The rRNA polymorphisms are widespread across Nematoda (Pereira and Baldwin, 2016; Van Den Berg et al., 2016; Qing et al., 2020b). Current nematode taxonomy and phylogeny rely on rRNA genes (e.g., Holterman et al., 2006; Bert et al., 2008); thus, the presence of intragenomic rRNA variation may increase uncertainty in species identification and delimitation. For root-knot nematode, high rRNA variation has been noticed in the M. incognita genome (Qing et al., 2020b). This is not surprising as interspecific hybridization has been involved in the origin of tropical root-knot nematodes, and has played a role in shaping the patterns of their genetic diversity (Lunt, 2008). Different from more derived tropical root-knot nematodes, M. mali is close to the basal branch of Meloidogyne and likely to represent the ancestral state of the genus with several intermediate characteristics similar to those of Pratylenchus (e.g., with an incompletely swollen body with a protuberance, the spermatheca comprises a limited number of cells, with not-interlaced and not-lobe-like cells) (Janssen et al., 2017). Moreover, the presence of such characteristics in M. mali suggests that rRNA polymorphism is widespread across the genus Meloidogyne rather than parthenogenesis. Interestingly, rRNA polymorphism has also been reported from Pratylenchus (Qing et al., 2020b).
In an examination of our M. mali population (Gu et al., 2013; Gu and He, 2015) using the sequence chromatography method by Nadler et al. (2003) (polymorphisms were recognized in chromatography when both alternative nucleotide peaks were present in all sequence reactions representing both DNA strands, and when the minor nucleotide peak represented at least 25% of the major peak), we failed to recover polymorphism in all sequenced individuals. Although this is not confirmed by cloning analysis, this may indicate that rRNA polymorphism in M. mali is population-specific.

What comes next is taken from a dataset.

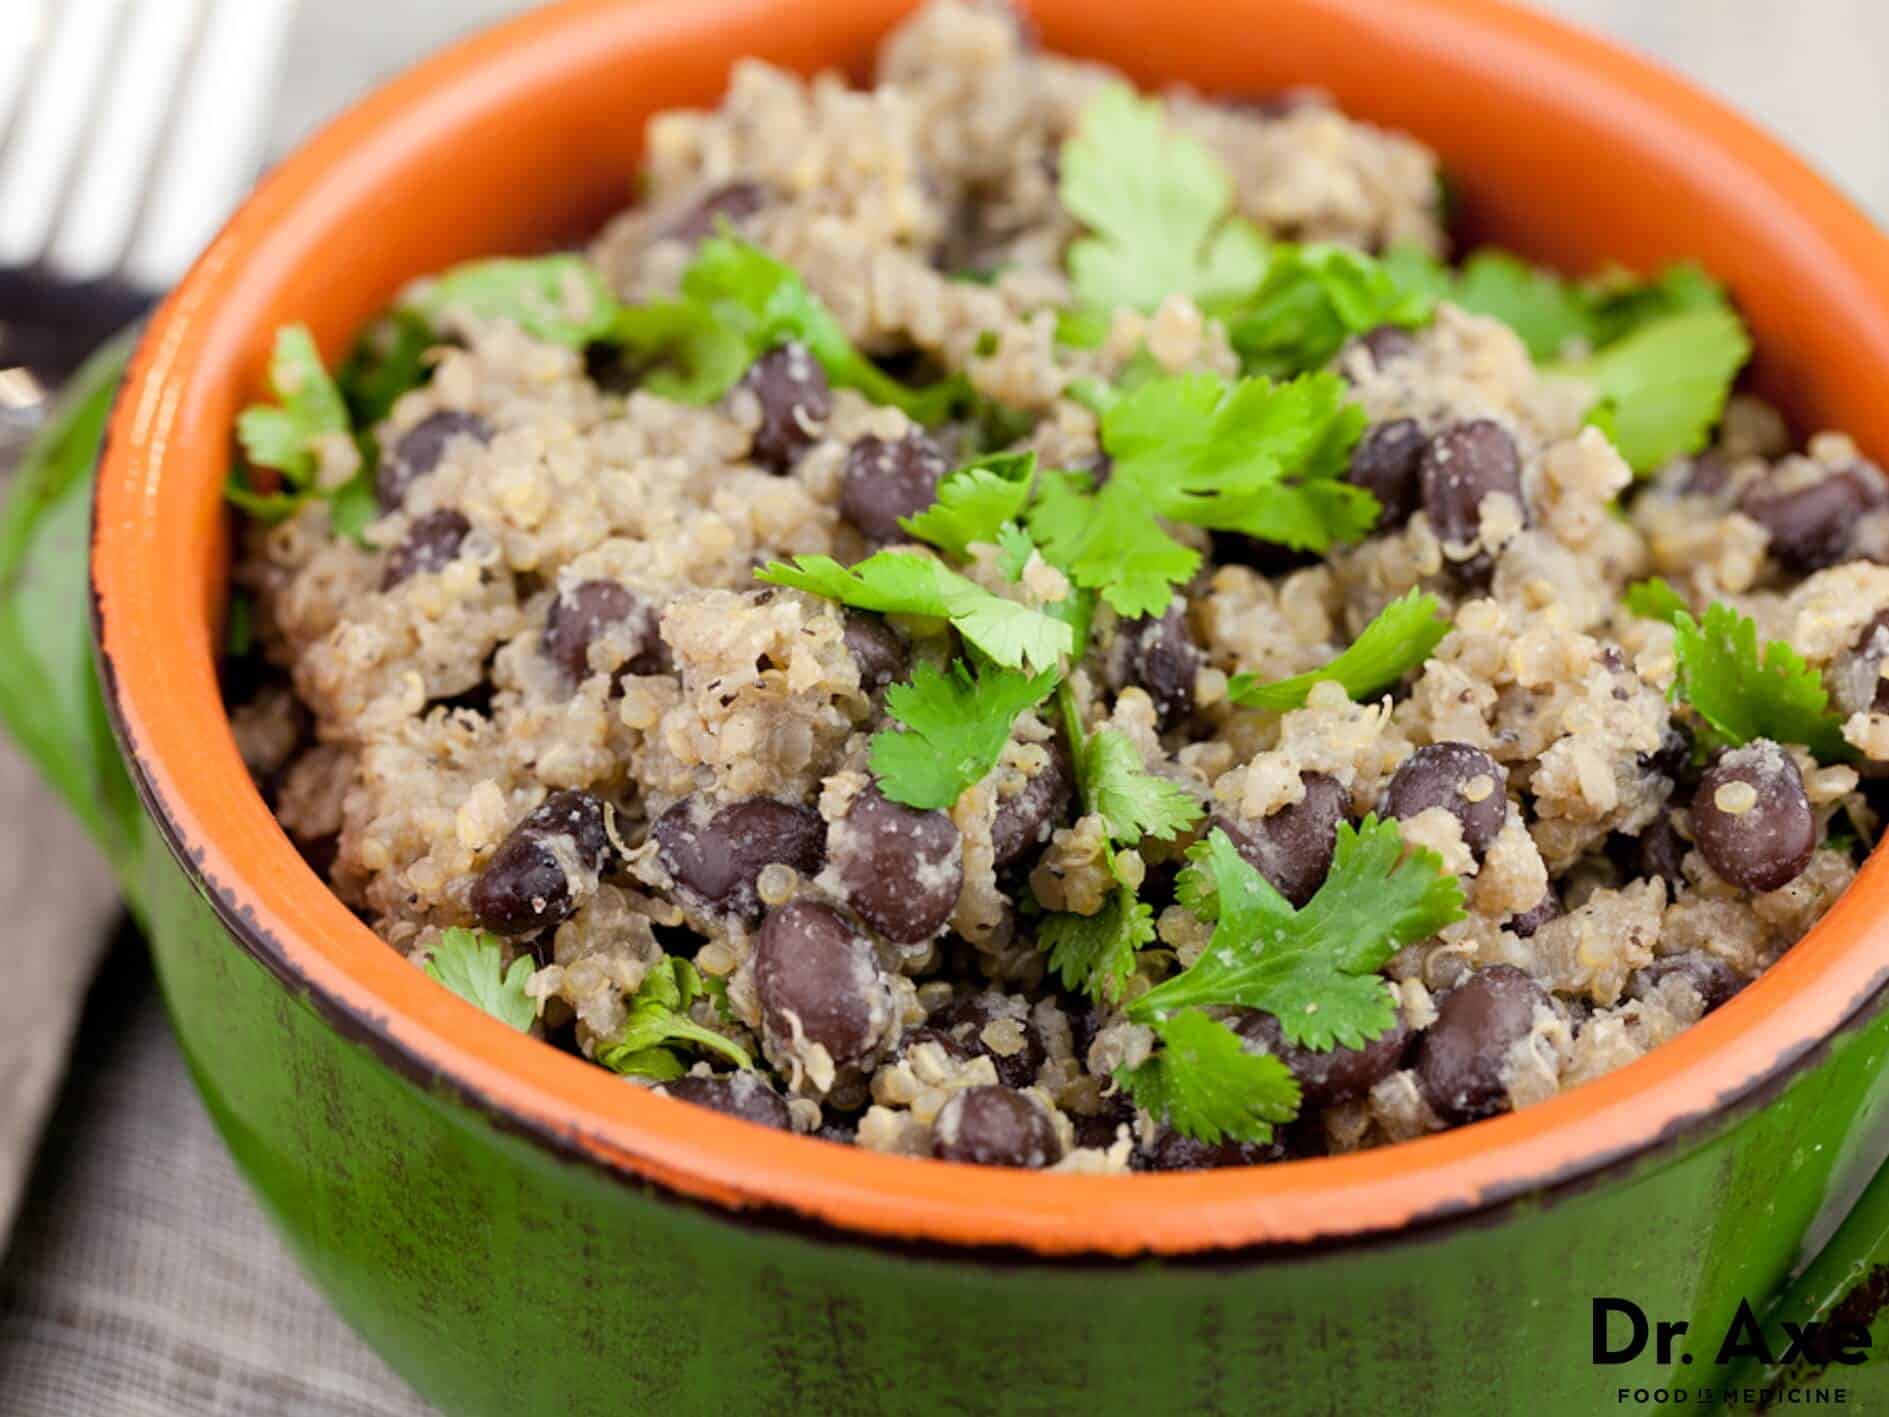 Recette de salade de quinoa aux haricots noirs

The variation may be caused by a high level of intraspecific hybridization background, or the difference in reproduction strategies, as M. mali, was found to reproduce by amphimixis in the presence of males, but it remains possible to reproduce in meiotic parthenogenesis (Janssen et al., 2017). Unfortunately, our limited specimens did not allow us for a detailed examination of spermatheca and for further cloning.

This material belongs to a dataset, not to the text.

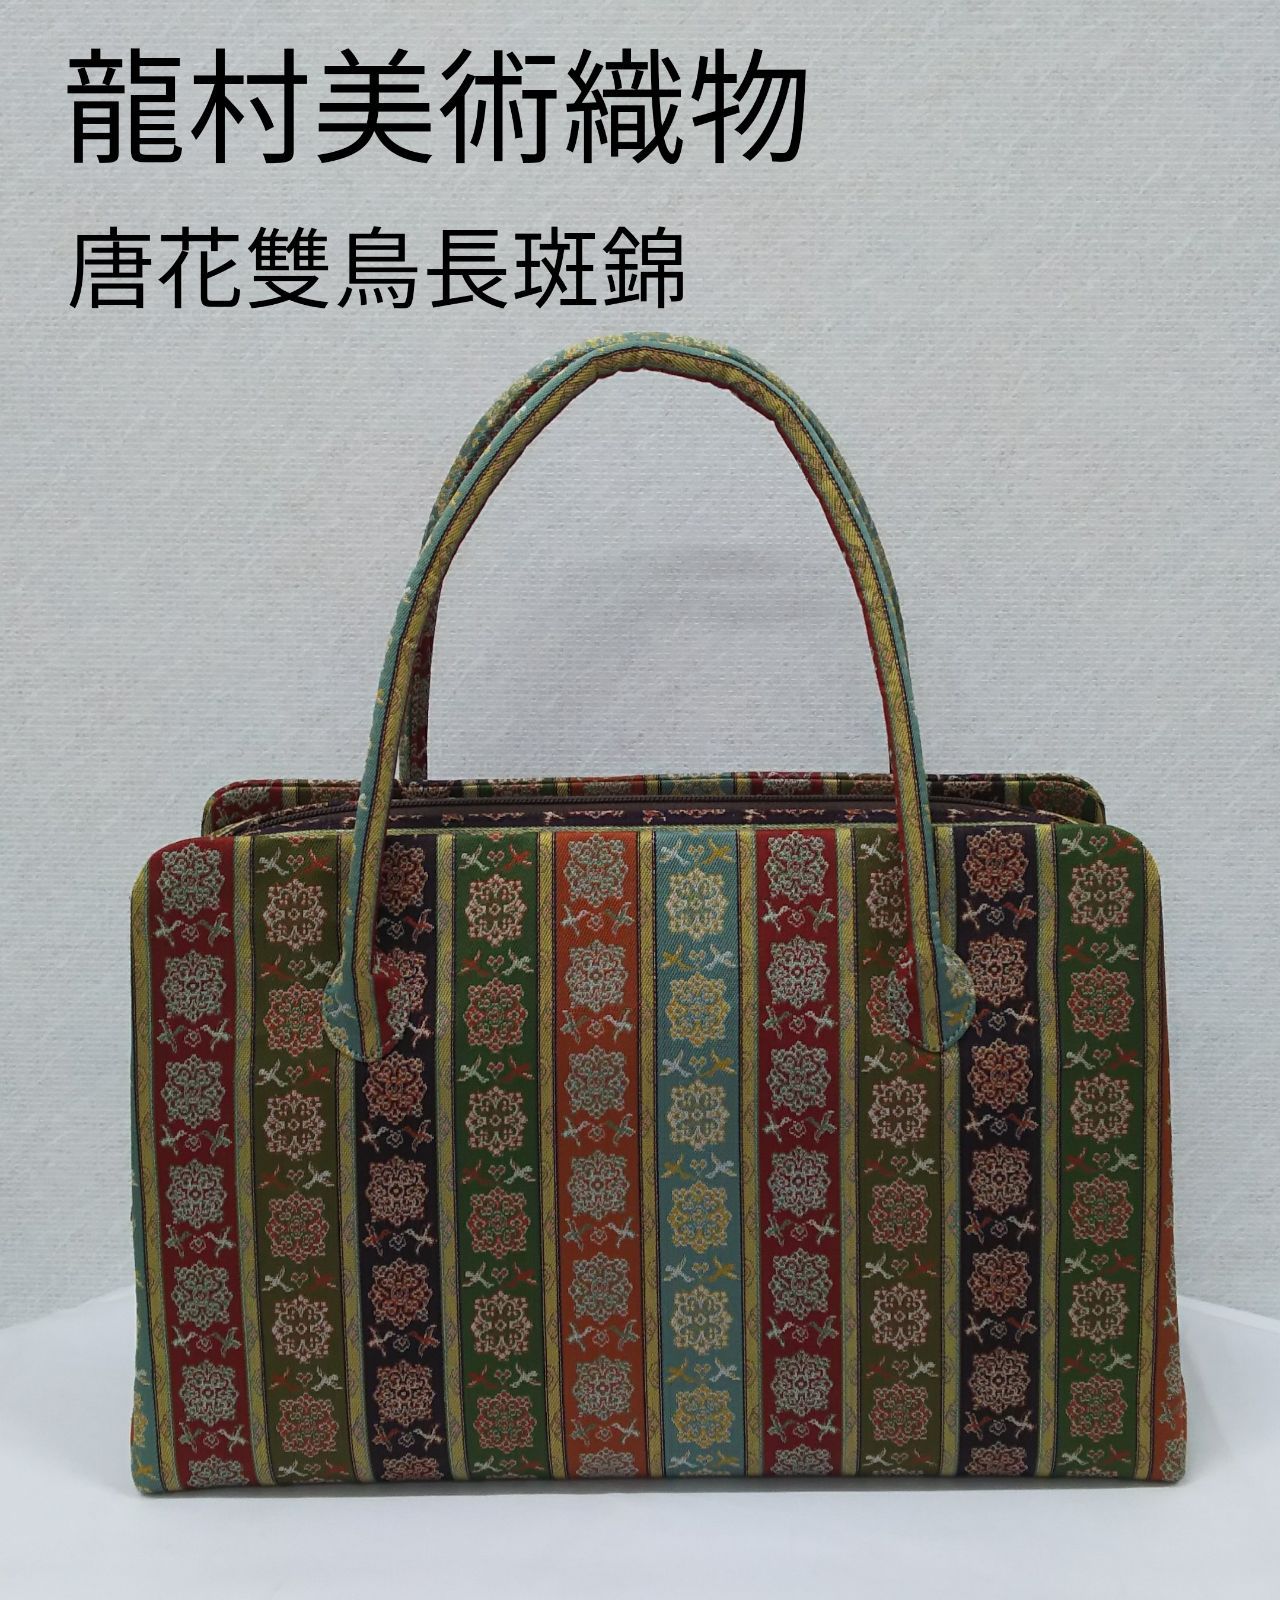 アウトレット価格比較 龍村美術織物 バッグ - レディース

Meloidogyne species are spread in long distances mainly through plants and seedling transportation. In recent years, M. mali has been repeatedly detected in imported plants from Japan. So living plants and seedlings with roots are possible to carry dangerous nematodes, and quarantine-treatment measurements, like chemical treatment, are impossible to kill all the nematodes in the roots. Quick detection and identification methods are required for national distribution research and port quarantine and inspection.
Figure 3:
Phylogenetic relationships within the genus Meloidogyne as inferred from Bayesian analysis of the D2-D3 region of the 28S rRNA gene sequences using the GTR + I + G model. Posterior probabilities are given in clade nodes. Newly obtained sequences are indicated in bold and the sequence codes are given in specimen-clone.
Figure 5:
The TCS haplotype networks of Meloidogyne mali (A) and the Bayesian majority rule consensus tree of Meloidogyne mali based on mitochondrial COI gene (B). A: Pie chart indicates the composition and proportion of haplotypes in each location. Each circle corresponds to one haplotype and its size is proportional to its frequency. Each line connecting the haplotypes refers to a mutational step. Marks on the lines indicate the number of steps. B: Values at branche nodes are Bayesian posterior probabilities. Newly submitted sequences are indicated in bold.
Figure 4:
Phylogenetic relationships within the genus Meloidogyne as inferred from Bayesian analysis of the ITS sequences using the GTR + I + G model. Posterior probabilities are given in clade nodes. Newly obtained sequences are indicated in bold.